Maybe of interest ( no sawdines though ) -

- Lumberjack Lingo


----------



## Philbert (Mar 20, 2011)

2dogs said:


> The thread was from heavyequipmentforums.com


 
OK - I was searching A.S. in the Large Equipment Forum. Your link was blocked because it referenced another site. I assume that this is what you were referring to (?):

Philbert


----------



## slowp (Mar 20, 2011)

If signs trump the dictionary then:

Roda is road. As seen in a warning sign, LINES ACROSS *RODA.*The sign maker said it was late and he was very tired so mixed up the stencils. 

Then there is *LOGGIN* AHEAD. This one was done in the way that the sign maker pronounced the word Logging. 

And the Huff and Puff drive in now sports the word *EAl * in bright orange as the top of the T broke off. :msp_smile:


----------



## madhatte (Mar 20, 2011)

Along I-5, where 72nd crosses the freeway in Tacoma, there's a strip mall called "Tacoma Place". For several months awhile back, the "TA" in the neon sign were out on the side facing southbound lanes.

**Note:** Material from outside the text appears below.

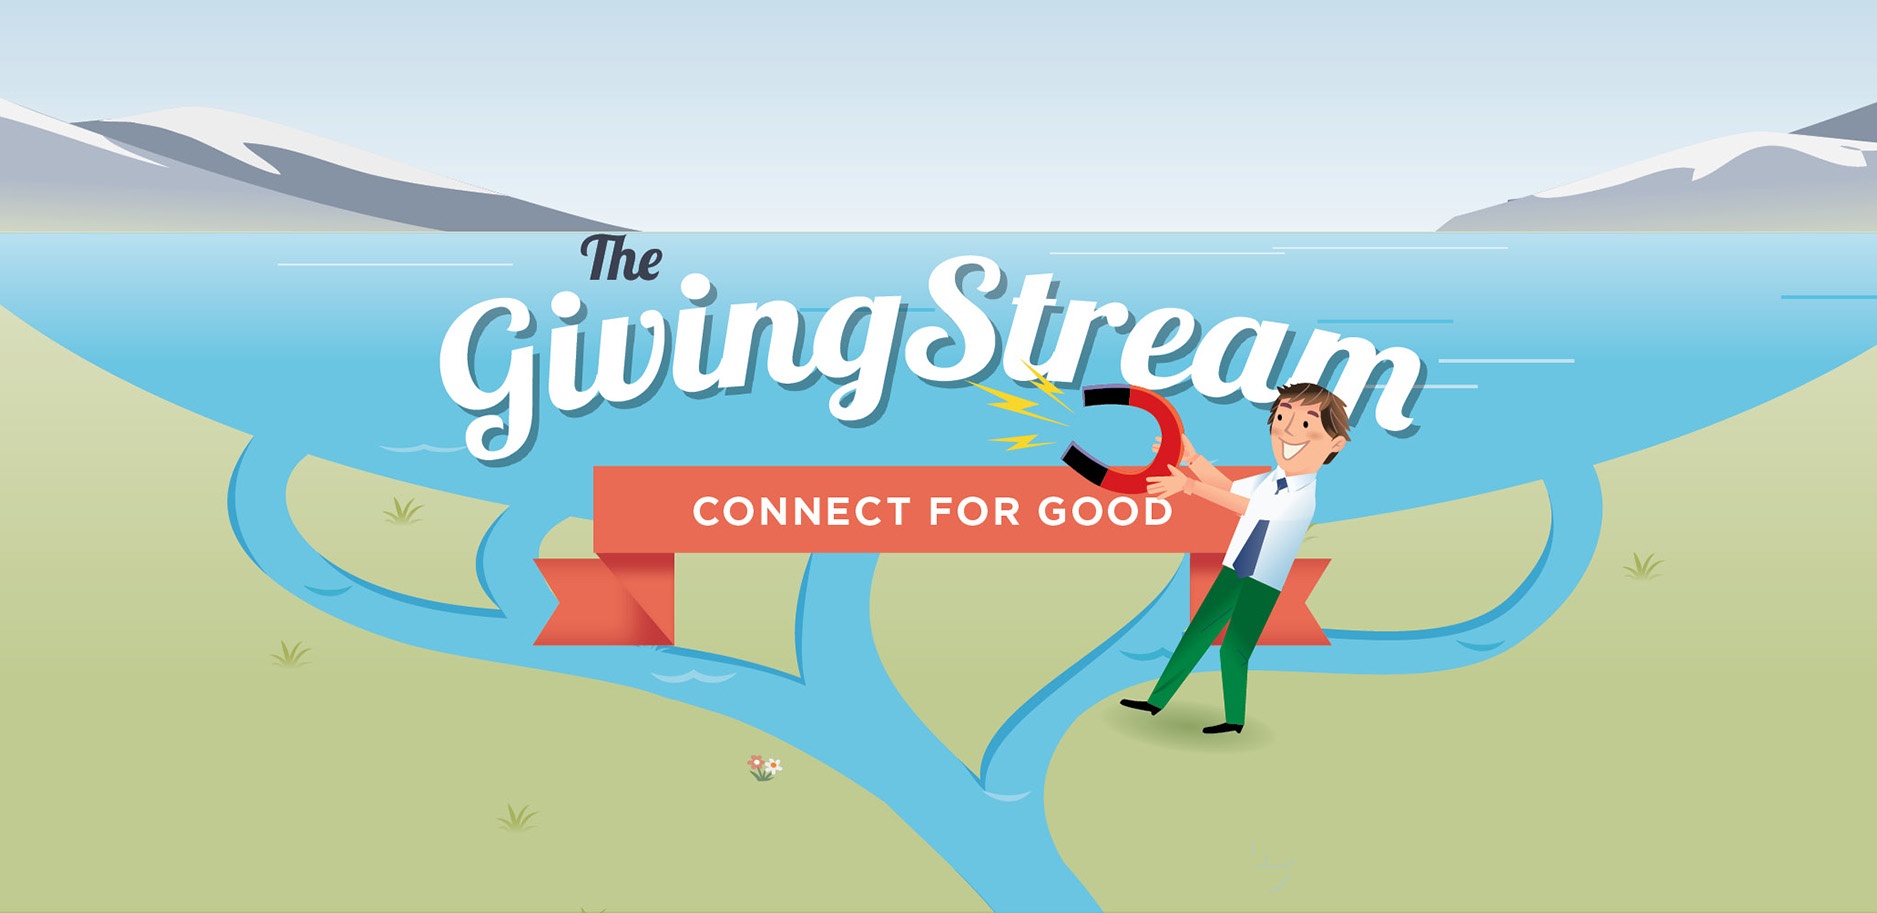 Blue North's Giving Stream connecting for good

It always cracked me up to drive past "Coma Place".


----------



## Philbert (Mar 20, 2011)

A landmark in Saint Paul is the old Schmidt's Brewery, with a large, lighted sign that can be seen for many blocks. Apparently, an old Halloween prank was for high school kids to climb up there and disconnect every other letter.

Philbert (P_i_b_r_)


----------



## Philbert (Mar 20, 2011)

slowp said:


> If signs trump the dictionary then: . . .


 
Any idea on why they are pronounced 'corks' (like what you plug into the end of a wine bottle) instead of the way it is spelled (like the painters sealant)?

Philbert ("Fill-Bert")


----------



## Gologit (Mar 20, 2011)

Philbert said:


> Any idea on why they are pronounced 'corks' (like what you plug into the end of a wine bottle) instead of the way it is spelled (like the painters sealant)?
> 
> Philbert ("Fill-Bert")


 
Tradition. Don't over-think it.


----------



## 8433jeff (Mar 20, 2011)

Wintertime cold boots have a lot of extra padding. The steel toe Sorrels I do have are named the refrigerators, and unless I'm walking more than I want to, they stay at home.
Otherwise, steel toe.


----------



## 2dogs (Mar 20, 2011)

Thanks for posting the picture Philbert! Bill (pronounced bill) 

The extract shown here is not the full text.